Coming-of-Age in Sunny Newfoundland

Hold Fast
(Canada, 94 min.)
Dir. Justin Simms, Writ. Rosemary House
Starring: Molly Parker, Aiden Flynn, Avery Ash, Douglas Sullivan
The Grand Seduction opens in theatres next week, but there’s a hidden gem of Canadian cinema that’s being overlooked. Hold Fast, adapted from the beloved novel by Kevin Major (which I’m ashamed to admit I haven’t read), is a nice coming-of-age tale set against the scenic Newfoundland landscape. The scenery is stunning and the story is stirring, so this nice little film offers a moving tale of growing up and finding oneself in the freedom of the expansive wilderness.

Hold Fast includes Molly Parker in a notable supporting role as Aunt Ellen, who takes Michael (newcomer Avery Ash) into her care when his parents are killed in a car accident. Aunt Ellen sports the same thick accent that Michael brings with him to the city after moving away from his seaside town. Their thick coastal brogue marks them both as outsiders.
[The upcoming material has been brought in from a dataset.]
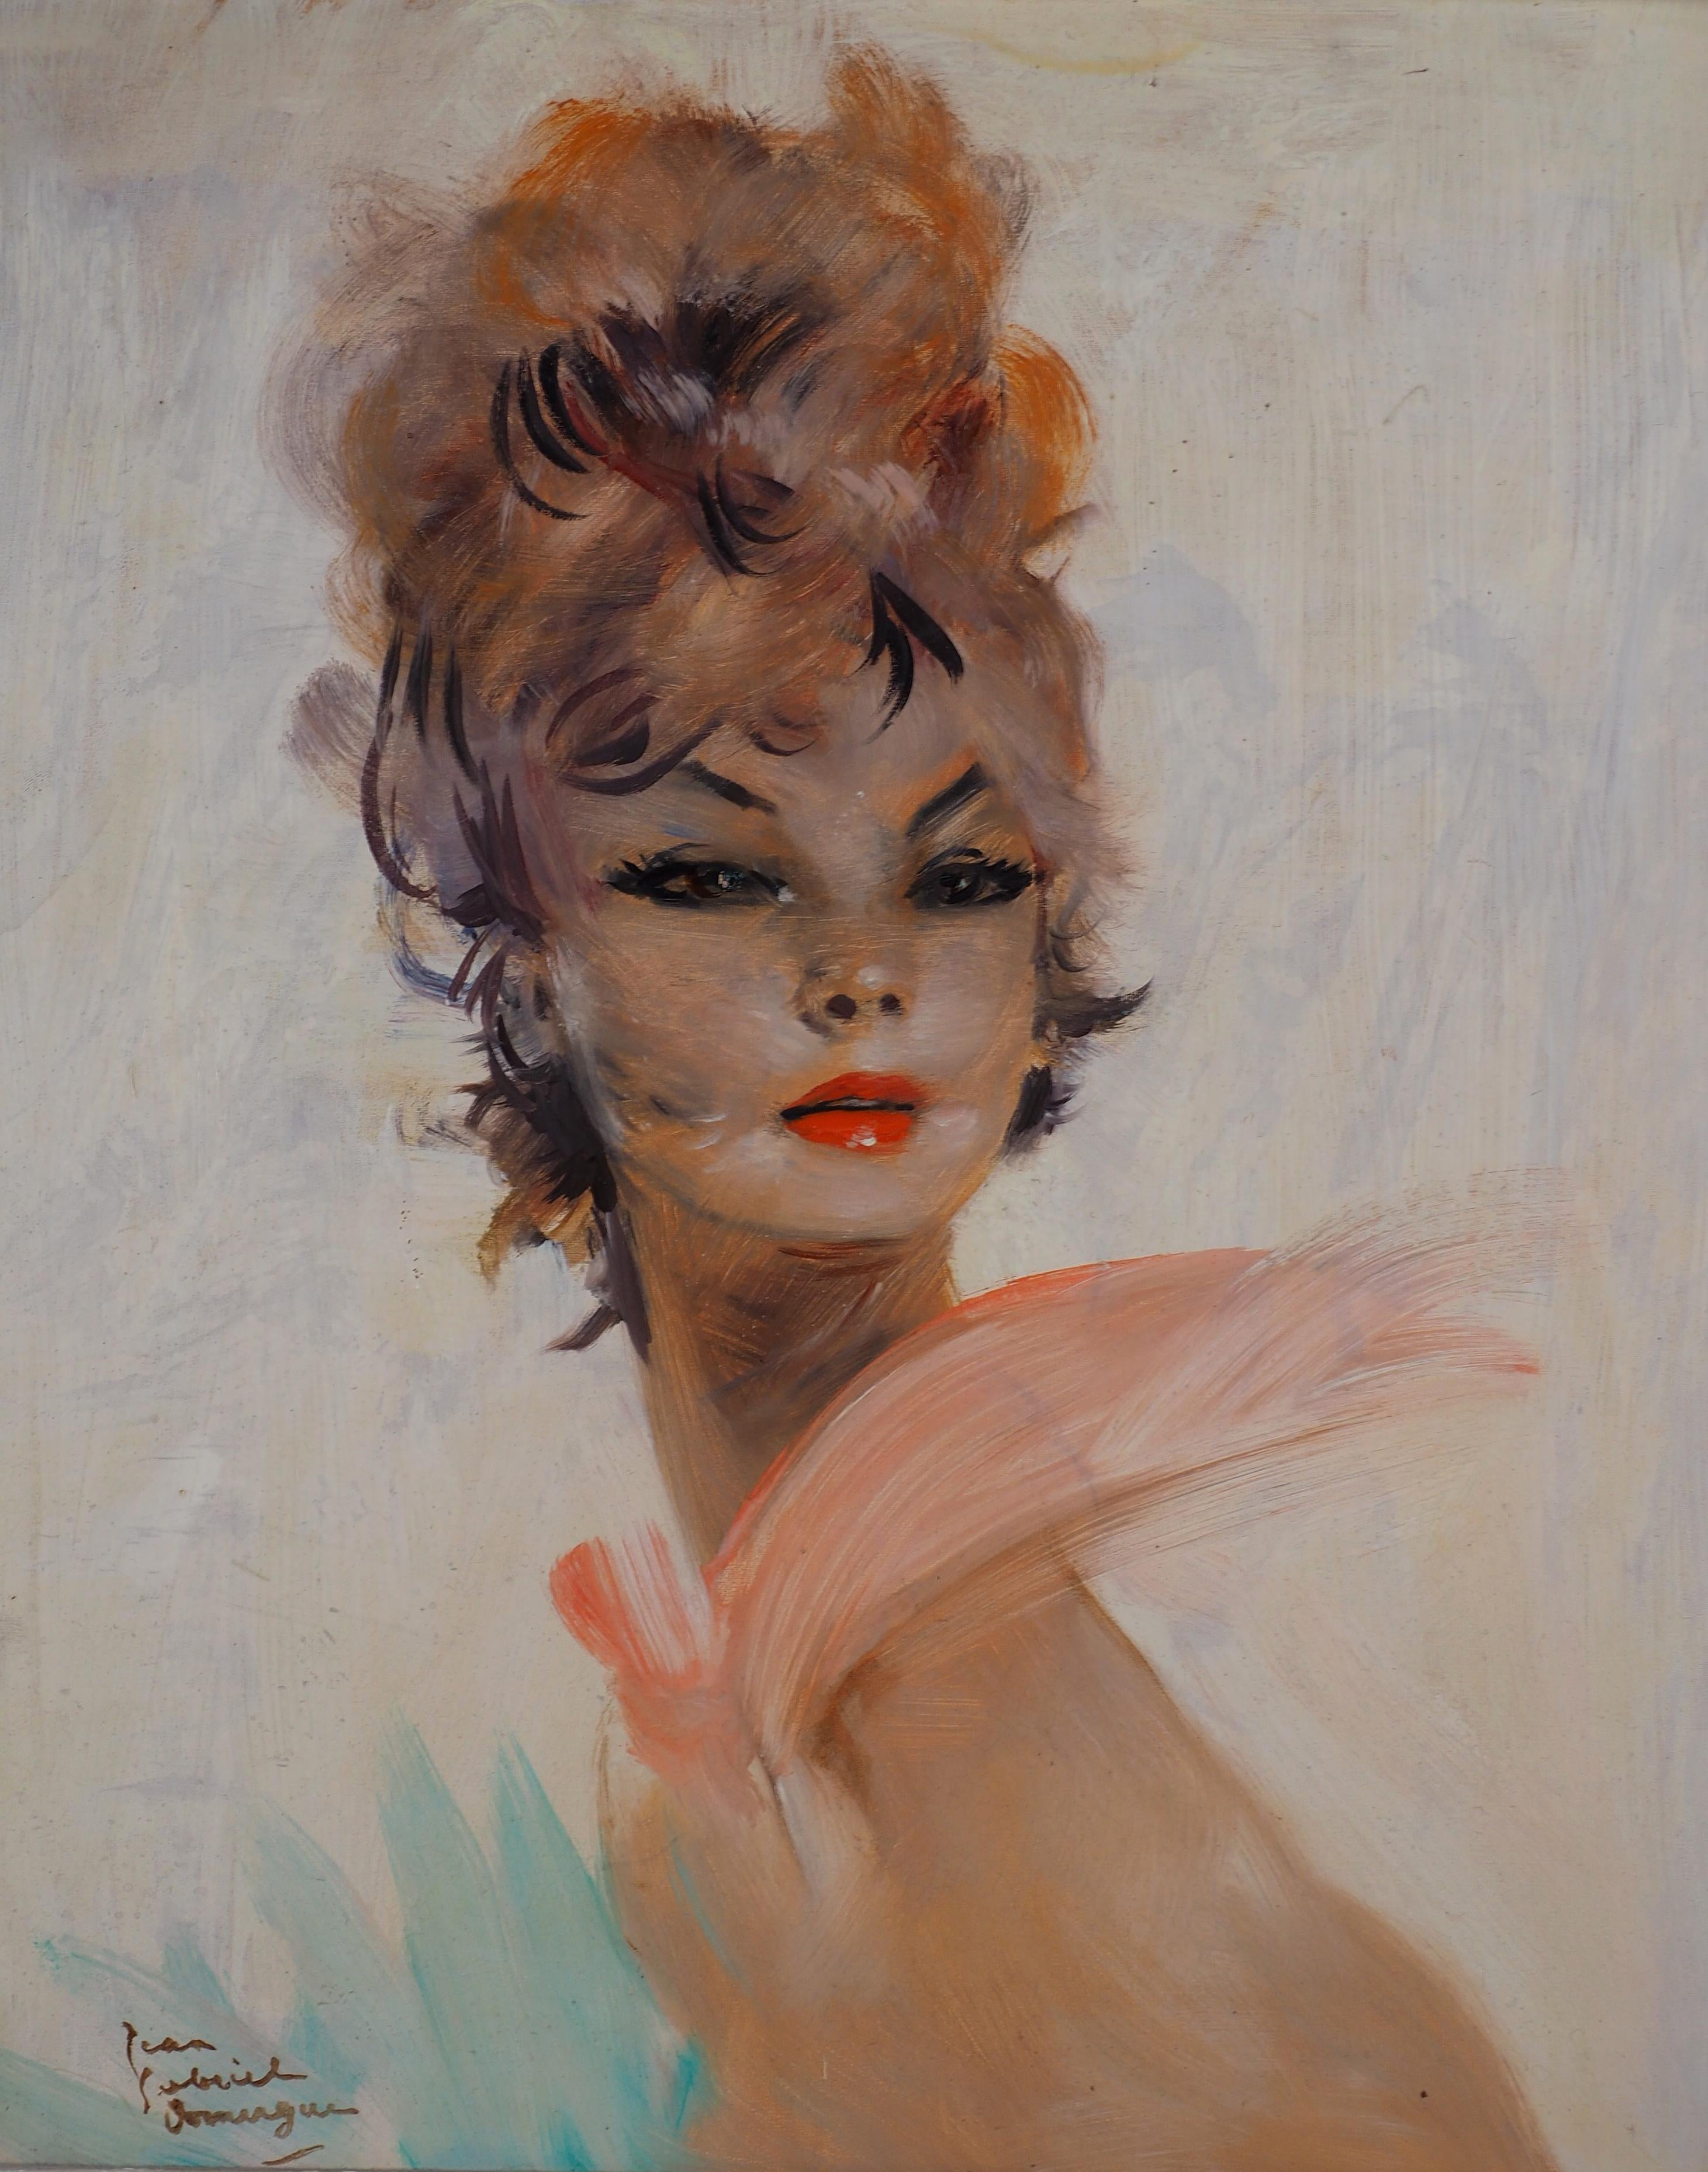 Woman with Ruban - Original Oil on Panel, Handsigned  - Brown Portrait Painting by Jean-Gabriel Domergue

Michael doesn’t adapt to city life nearly as well as his aunt does, though, for teasing and fistfights mark his days at his new school.
Home life isn’t especially great for either of them, nor is it for Michael’s cousin Curtis (newcomer Douglas Sullivan), since Ellen’s husband Ted (Aiden Flynn) is an old-stock patriarch who stifles his family with rules and rage. Boys will be boys, so Michael and Curtis decide that they’re fed up with Ted’s crap and they hit the road Huckleberry Finn style.

Hold Fast is less Mud and more Anne of Green Gables in its coming-of-age tale, for the runaways mostly encounter conventional entertainment in the form of a few friendly drivers who give them a lift from Point A to Point B. The move away from the city towards the magnetic power of Gros Morne, however, brings out a down-to-earth folksiness in the Canucks the boys encounter during their travels. Even a seemingly mean security guard happens to pull through in the end. Coming-of-age in sunny Newfoundland seems freeing and harmless, and Hold Fast is pleasant to absorb and appreciate even if the boys seem safe every step of the way.

Compared to grumpy Uncle Ted, the friendly country folk of Hold Fast harken nostalgia for a place and time where people knew and helped their neighbours. Perhaps Aunt Ellen’s kindness is innate. Hold Fast underscores the innocence of the boys’ quest to find themselves at home using effectively poignant songs by Mark Bragg and Katie Bragg. A Celtic tune to the soundtrack, similarly, affords a refreshing sense of place.

The boys’ trek follows the typical journey that mirrors their coming-of-age with the distance they cross. Tackling their fears of heights, learning to live off the land, and fending for themselves, Michael and Curtis regain the confidence and independence that faded away at the house. Aunt Ellen, similarly, comes back into her own as Hold Fast crosscuts the boys’ escape with her own suffocation in the coolly-shot house back in the city. Ellen puts her own submissiveness to Ted in perspective with the boys’ departure, and Parker makes her character stronger and more assertive to offer the lost boys a spiritual guide during their journey.

Director Justin Simms mostly lets the power of the natural surroundings take hold as Michael and Curtis hitchhike their way to the coast. Top marks go to Simms and cinematographer Catherine Lutes for framing the boys so naturally and innocently in their surroundings. (One striking shot foregrounds the flowers and tall grass as the boys assess their situation.) The majestic visuals are inspiring, although they might ultimately be more exciting than the boys are themselves. Newcomers Ash and Sullivan do their best to carry the film, and they’re fine in the boisterous moments that allow them to play around and run wild, but the emotional arc comes mostly through Parker’s ability to pull the dramatic weight of Hold Fast using only half the screen time. Simms nevertheless delivers a fun and wholesome coming-of-age tale that young viewers and parents can appreciate alike, so it’s nice that the accessibility of the film mirrors the story.

Rating: ★★★ (out of ★★★★★)

Hold Fast is now available to rent/own on Google Play.